Regarding co-financing, Paraguay is required to invest $437,298 in 2019–2021 over and above what it spent on TB in 2016–2018. The government has committed to invest more than $1.6 million, which is several times the required amount.
In line with the Global Fund’s Sustainability, Transition and Co-Financing (STC) Policy, as an upper-middle-income country Paraguay’s additional domestic investment should focus on disease components and RSSH activities to address roadblocks to transition, with a minimum of 50% invested in specific disease components targeting key populations. Although discussions with the government are along these lines, the Secretariat nevertheless wants the government to submit a revised joint letter of commitment to formalize this approach.
The GAC said that the TB program in Paraguay is underfunded by about $11 million to $13 million a year for the period 2019–2023.
The GAC said that it appreciated the fact that Paraguay will have a national TB body for better integration of services and greater inter-program and cross-sectoral coordination of the response. The GAC noted, however, that in the absence of a TB law, there are challenges with respect to what this body can undertake.
The fund portfolio manager for Paraguay, Filippo Iarrera, explained to Aidspan that the National TB Council (Consejo national de TB, or CONATB) has only recently been formed by the Ministry of Health (MOH) and may start its work very soon. One of its immediate priorities, Iarrera said, is to discuss the progress made in terms of drafting the TB law; improve the draft law; and then support the process for congressional approval, hopefully in 2019.
The need for a TB law was one of the findings of the TRA, Iarrera said. The TRA said that the law would provide an overall political umbrella for:
- Bringing about a more integrated and inter-programmatic approach, with the active involvement of ministries other than the MOH (most notably, the Ministry of Justice);
- Potentially improve the positioning of TB within the national health agenda with potential positive consequences for national funding and
- Protecting the human rights of people affected by TB.

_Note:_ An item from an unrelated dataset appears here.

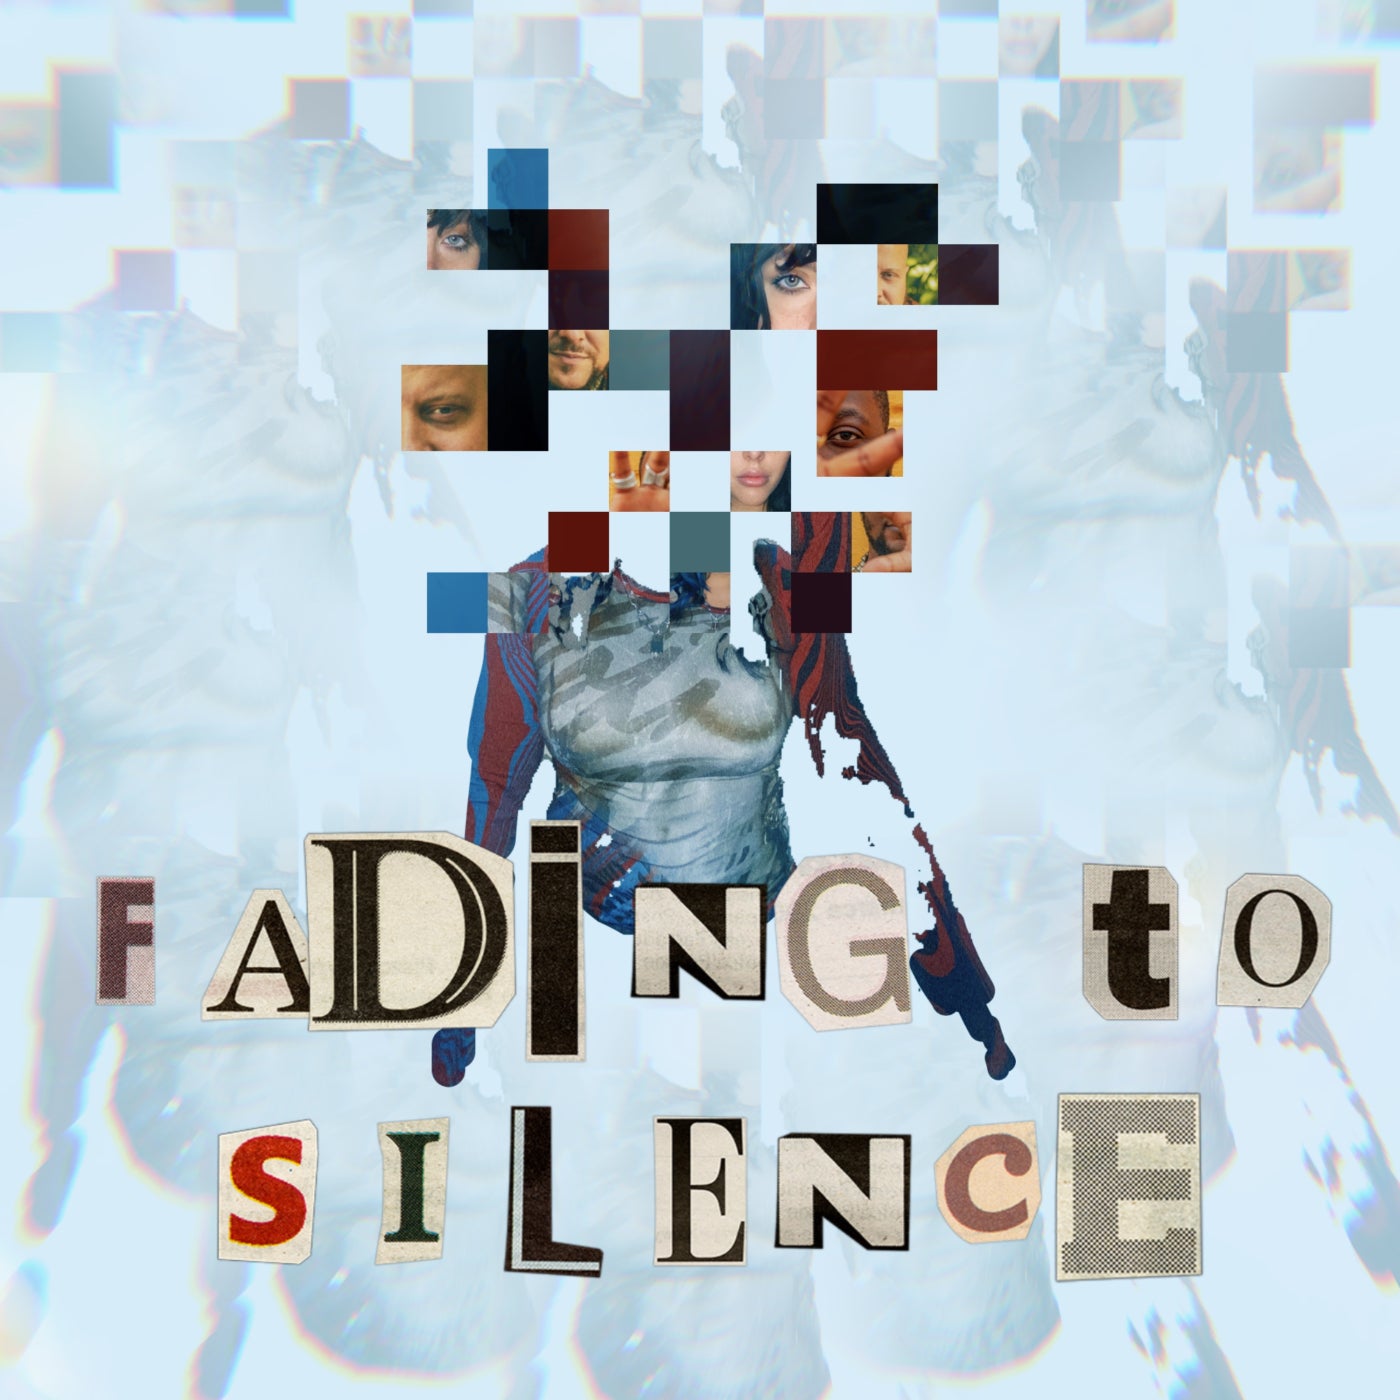 Fading to Silence

Iarrera said that while the law itself cannot resolve all problems, “we believe it could certainly help provide a policy framework that could strengthen the enabling environment essential to strengthen the national TB response.”

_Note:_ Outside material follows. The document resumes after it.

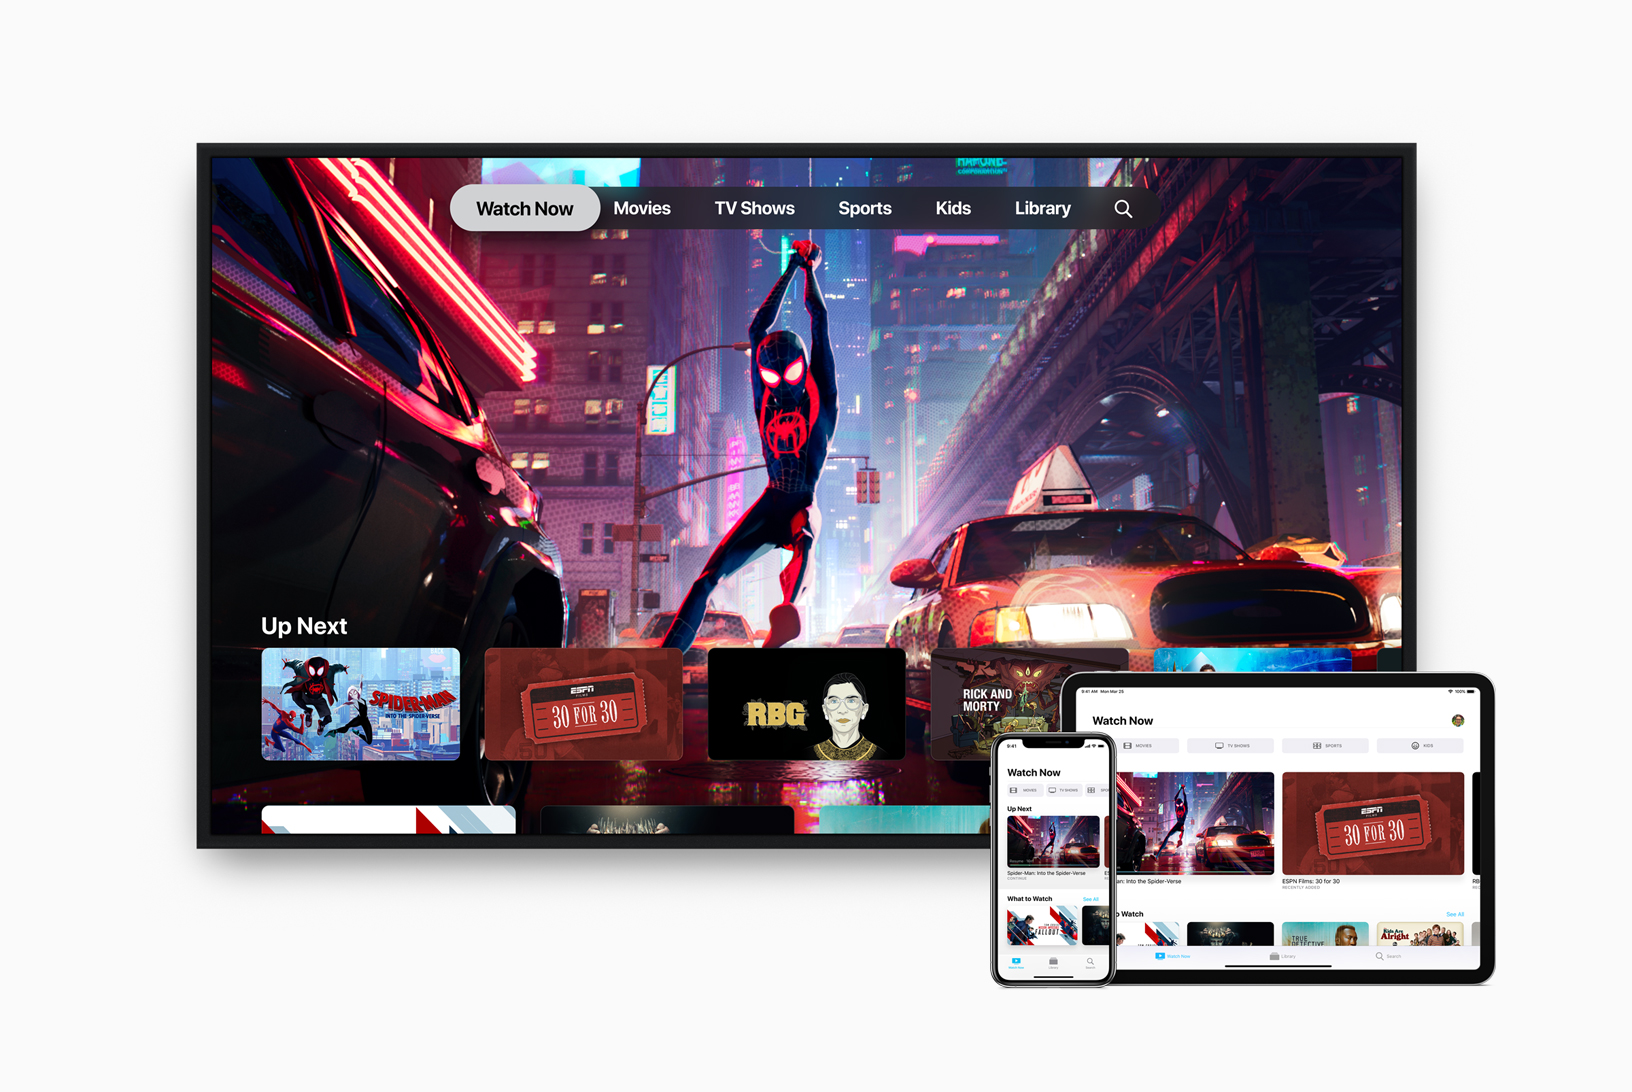 Rumors Suggest Apple TV App Could Be Headed to Xbox, PlayStation Consoles Soon

The GAC noted the progress in transition planning and transition preparedness during development of the TB funding request and during grant-making. Despite this progress, the GAC said, Paraguay should continue advocacy efforts during grant implementation; and there should be “continued engagement with the highest levels of the government beyond the Minister of Health.”
Iarrera said that Paraguay has made important counterpart financing commitments to the TB response under this transition grant. He added that the TRA and the transition workplan contain some important areas of work that are reflected in Paraguay’s grant over the next three years. Many of these endeavours will require the support and participation of agencies of the government beyond the MOH.

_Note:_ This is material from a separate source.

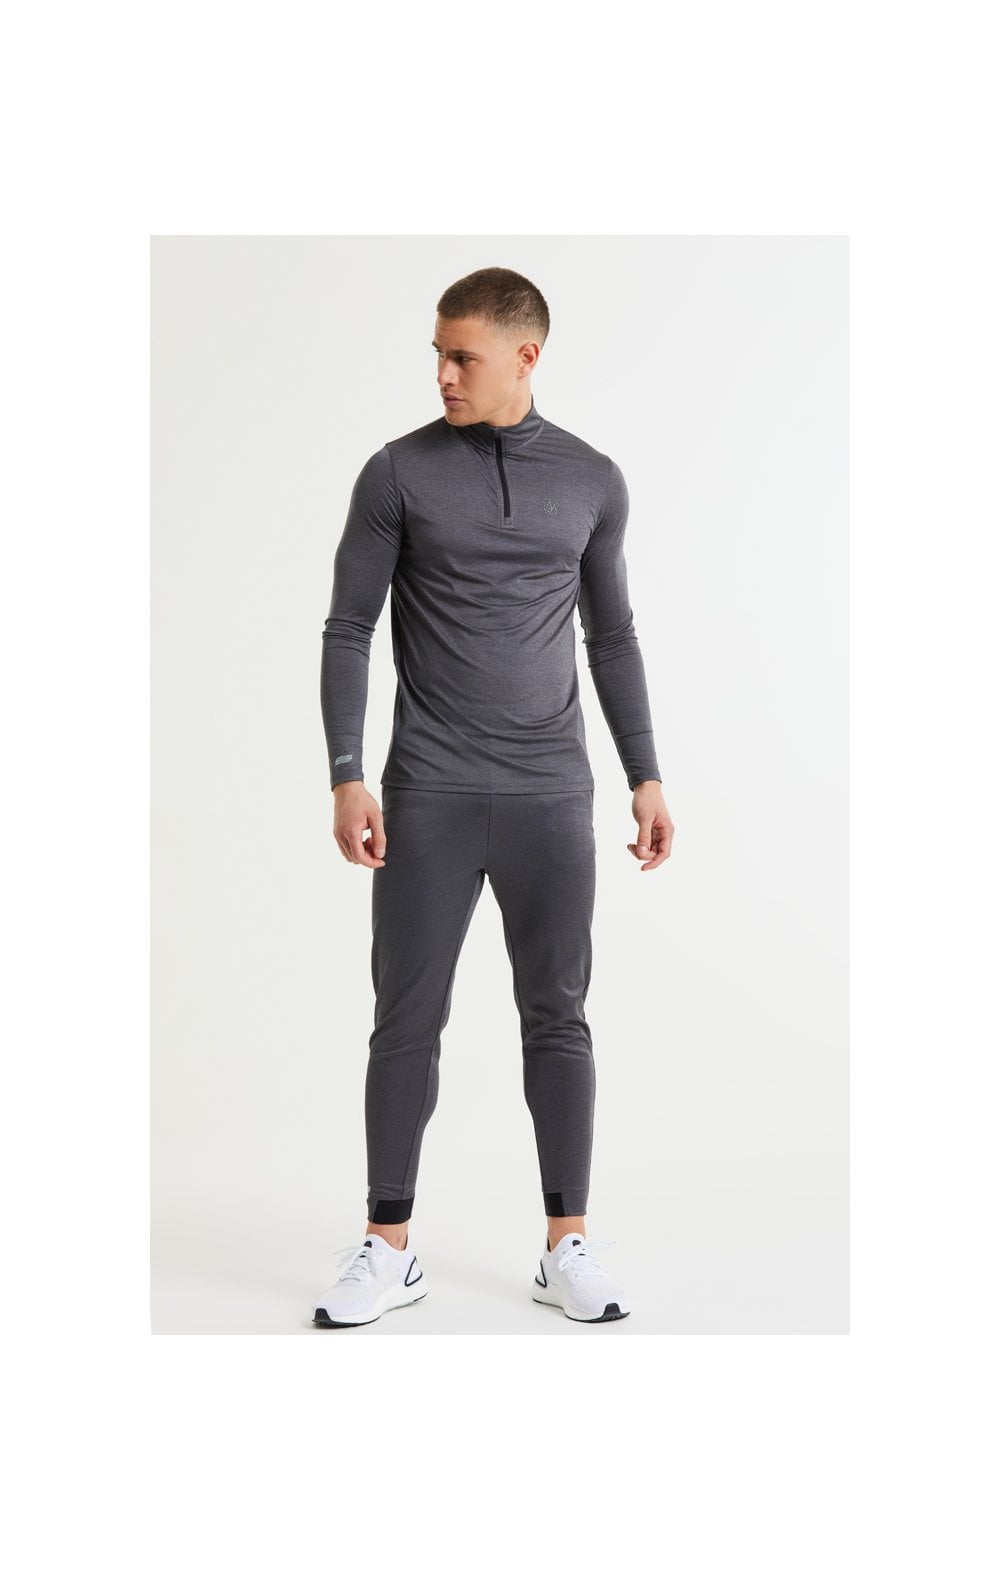 Load image into Gallery viewer, SikSilk Pressure Zip Funnel Neck - Charcoal Marl (4)

The TB Caucus of the Americas is also supporting this work. In addition, Iarrera said, “it is essential for stakeholders close to the TB program to continue their own efforts with other ministries, to advocate for a fully-funded domestic TB response.”
In GFO 325, Aidspan reported on the 12th and 13th batches of grant approvals. That same article listed the grants approved in the 10th and 11th batches. Aidspan reported on the ninth batch of grant approvals here. That article contains links to the GFO articles on the first eight batches.
Most of the information for this article was taken from Board Document GF-B39-ER16 (“Electronic Report to the Board: Report of the Secretariat’s Grant Approvals Committee”), undated. This document is not available on the Global Fund website.